DATA EXTRACT:
※
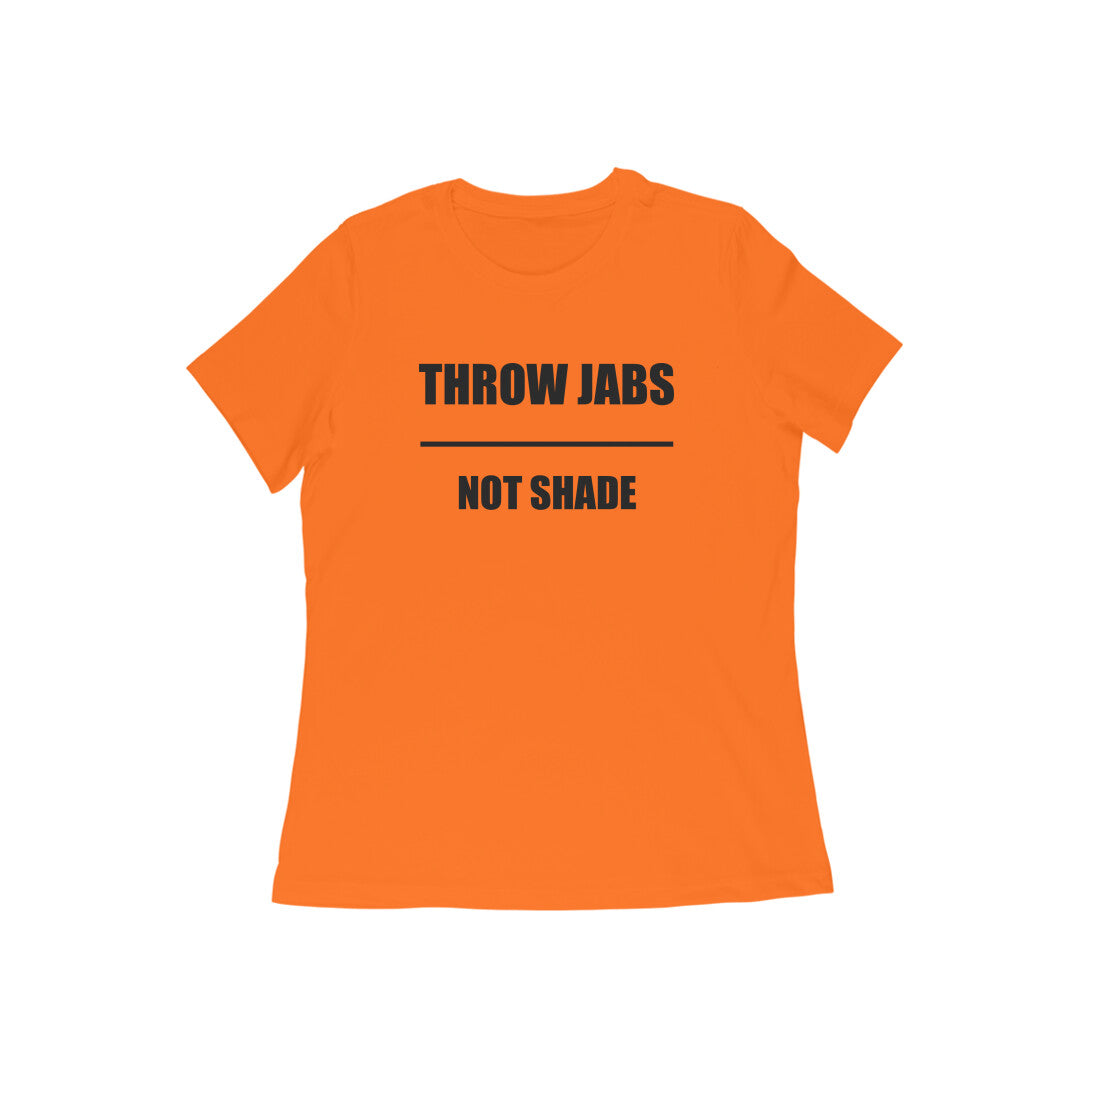 Throw Jabs not Shade. Boxing T-shirt
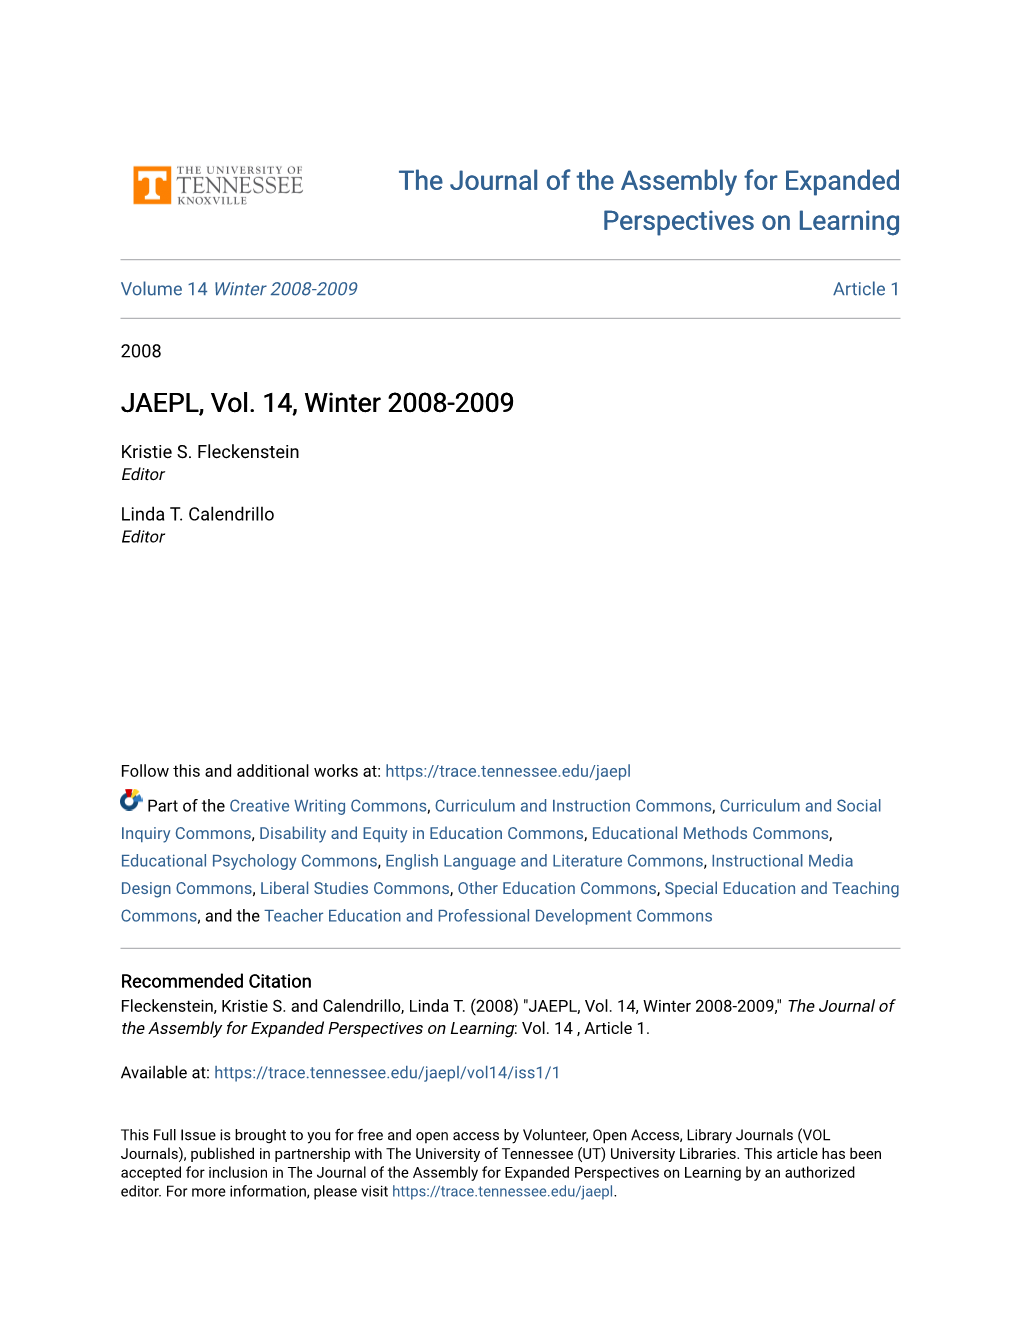 JAEPL, Vol. 14, Winter 2008-2009
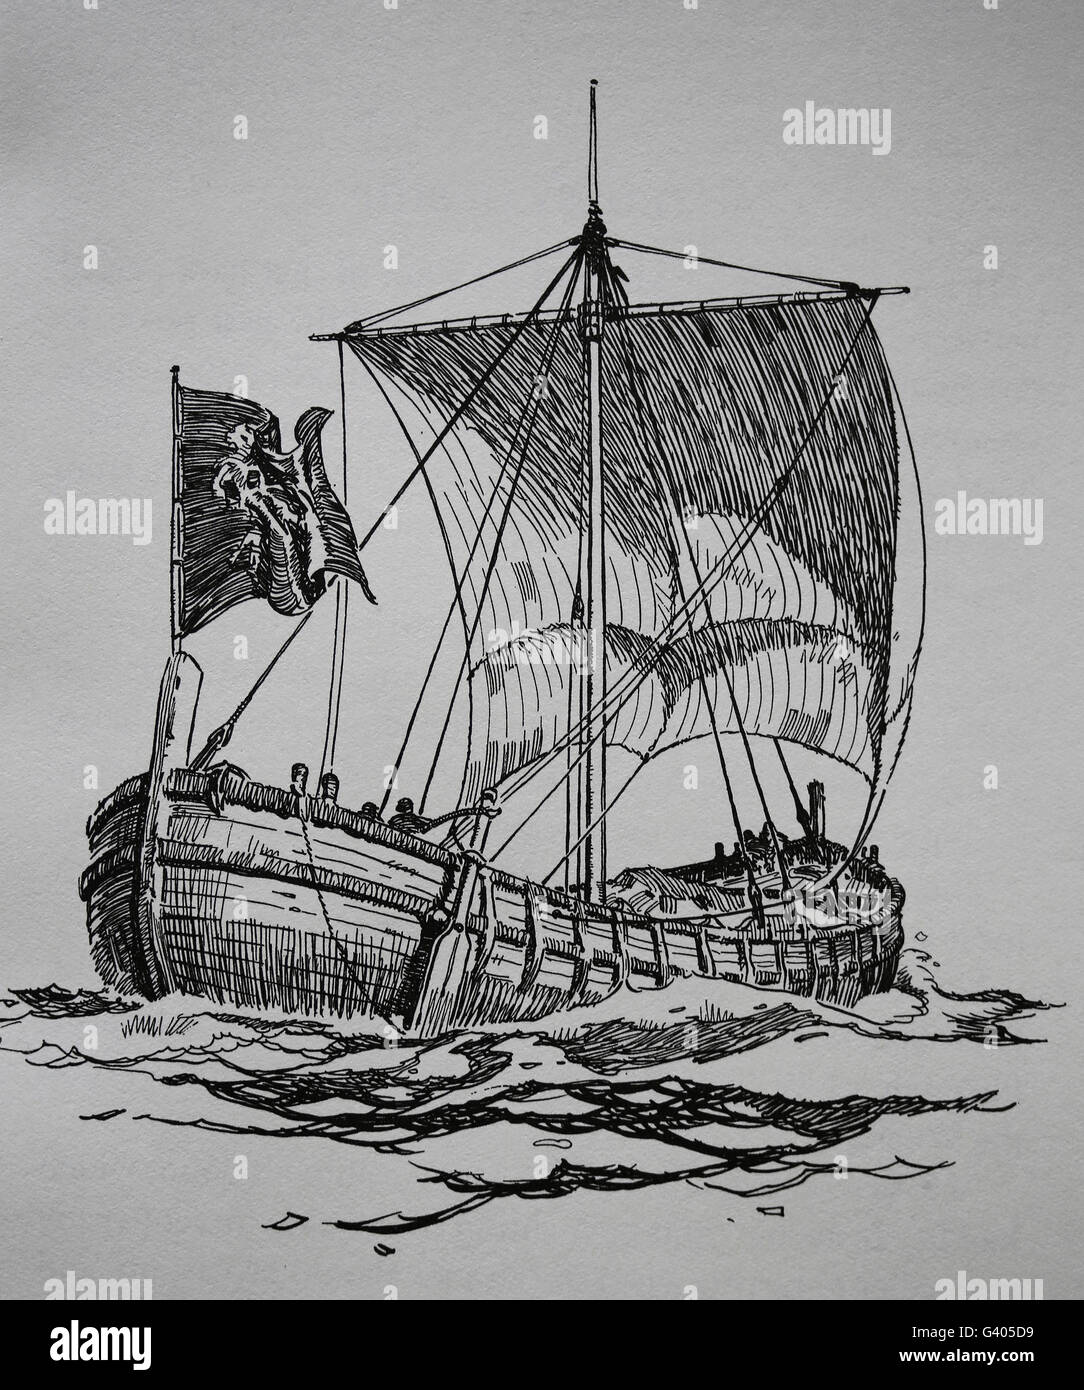 A medieval ship. Engraving, 19th century. Stock Photo
※
WHAT YOU NEED TO DO: Line by line, write out the data above exactly, without the pictures.

OUTPUT OF THE TASK:
 Throw Jabs not Shade. Boxing T-shirt
 JAEPL, Vol. 14, Winter 2008-2009
 A medieval ship. Engraving, 19th century. Stock Photo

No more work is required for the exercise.